ENTRIES SUPPLIED Start Marker

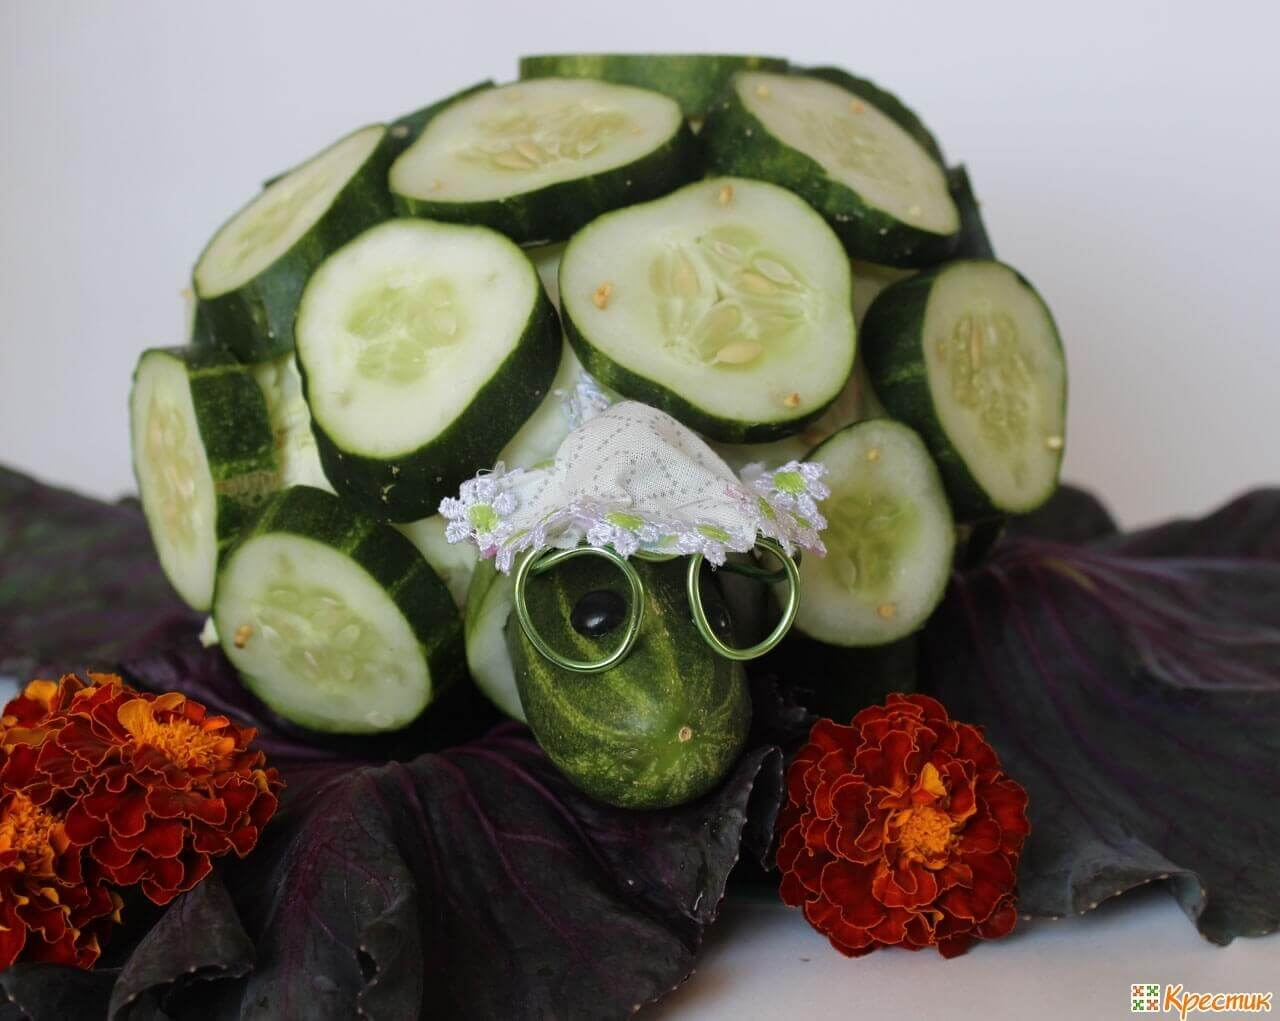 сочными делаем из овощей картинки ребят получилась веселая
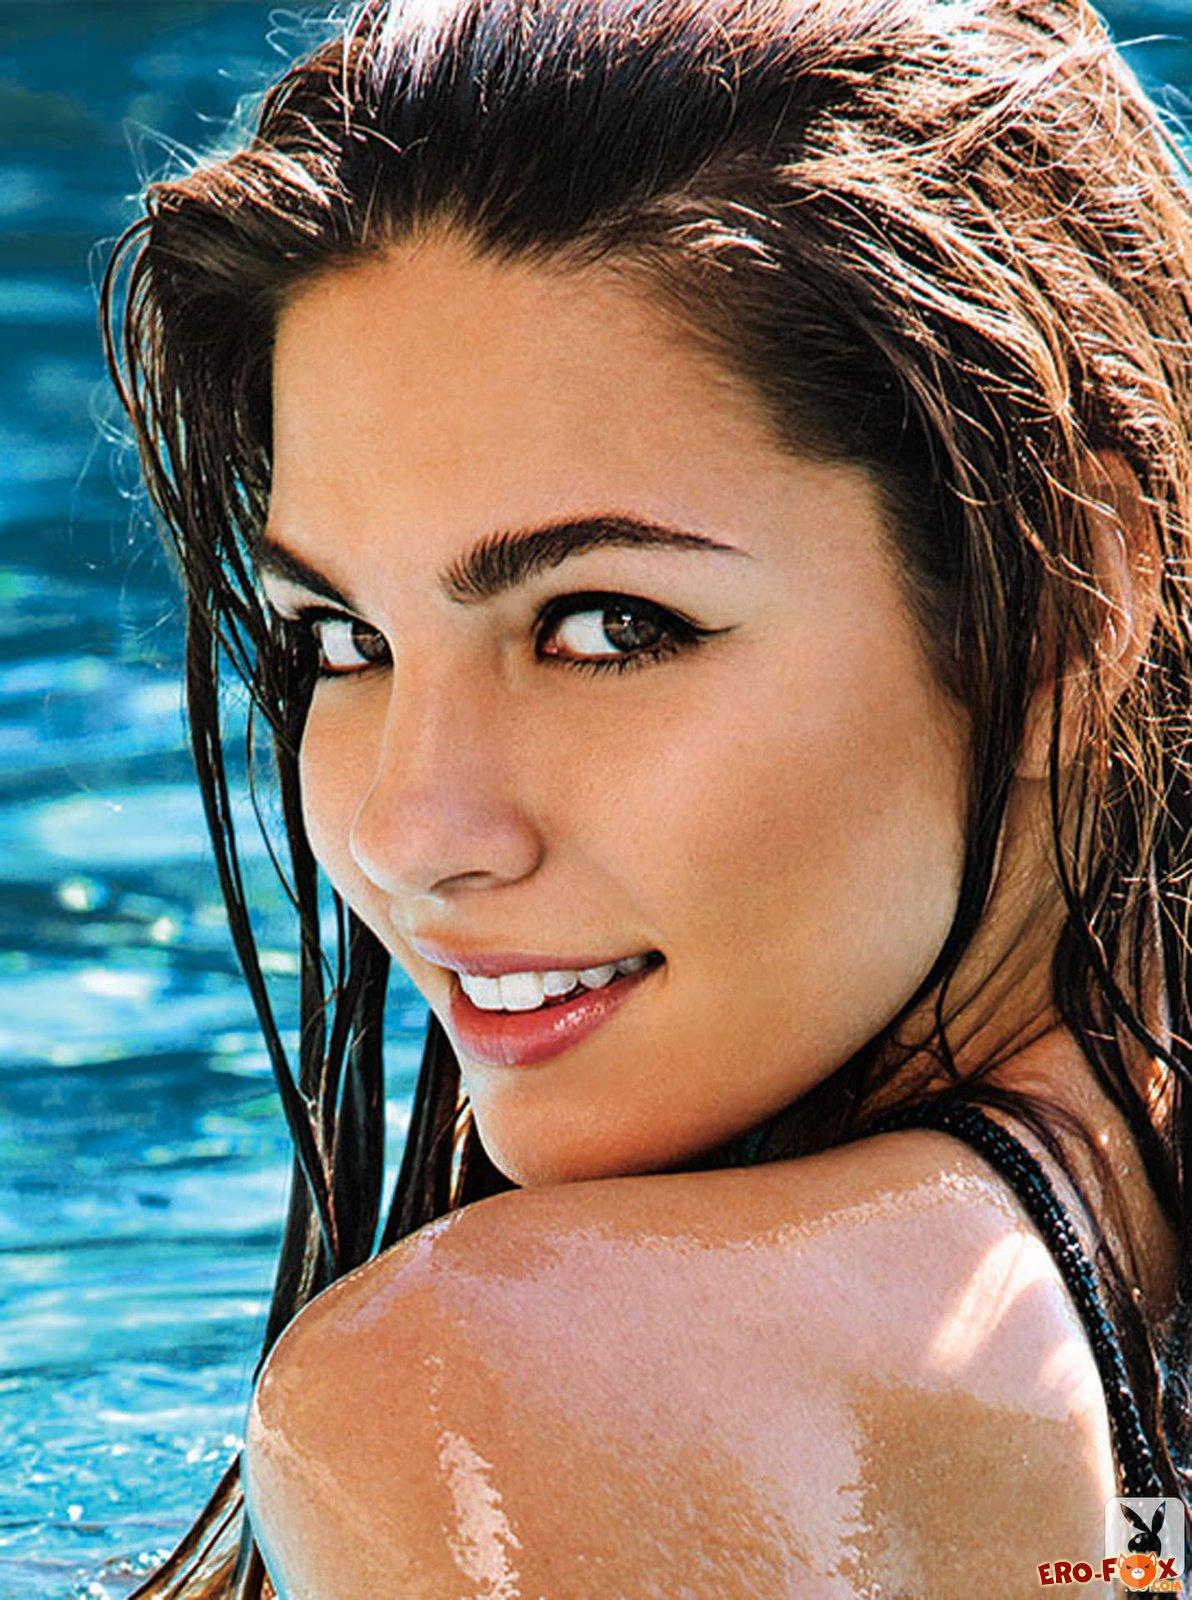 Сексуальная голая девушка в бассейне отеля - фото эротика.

ENTRIES SUPPLIED End Marker
ENTRIES SUPPLIED Start Marker

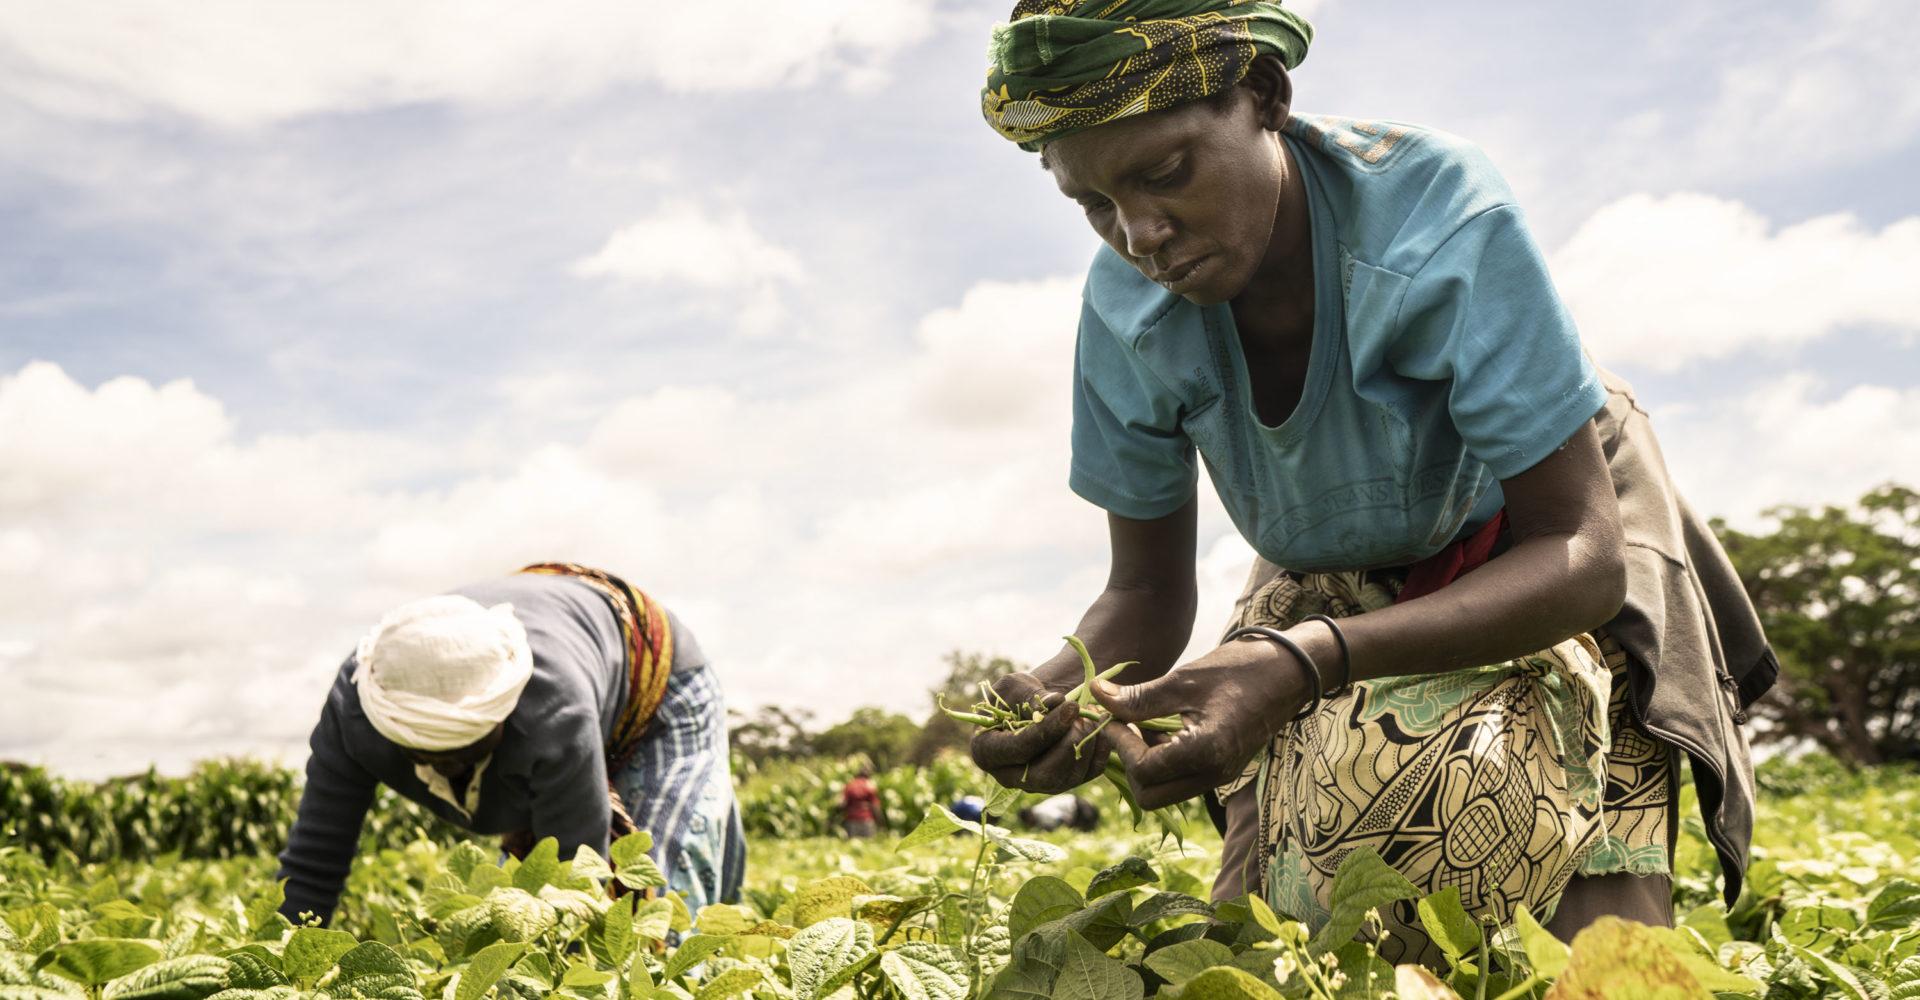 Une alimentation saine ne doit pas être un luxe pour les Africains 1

ENTRIES SUPPLIED End Marker

YOUR OBJECTIVE: Of the lines above, copy only those from the one holding "сочными делаем из" to the one holding "Сексуальная голая девушка", both included, and exclude every image.

FINAL ANSWER:
 сочными делаем из овощей картинки ребят получилась веселая
 Сексуальная голая девушка в бассейне отеля - фото эротика.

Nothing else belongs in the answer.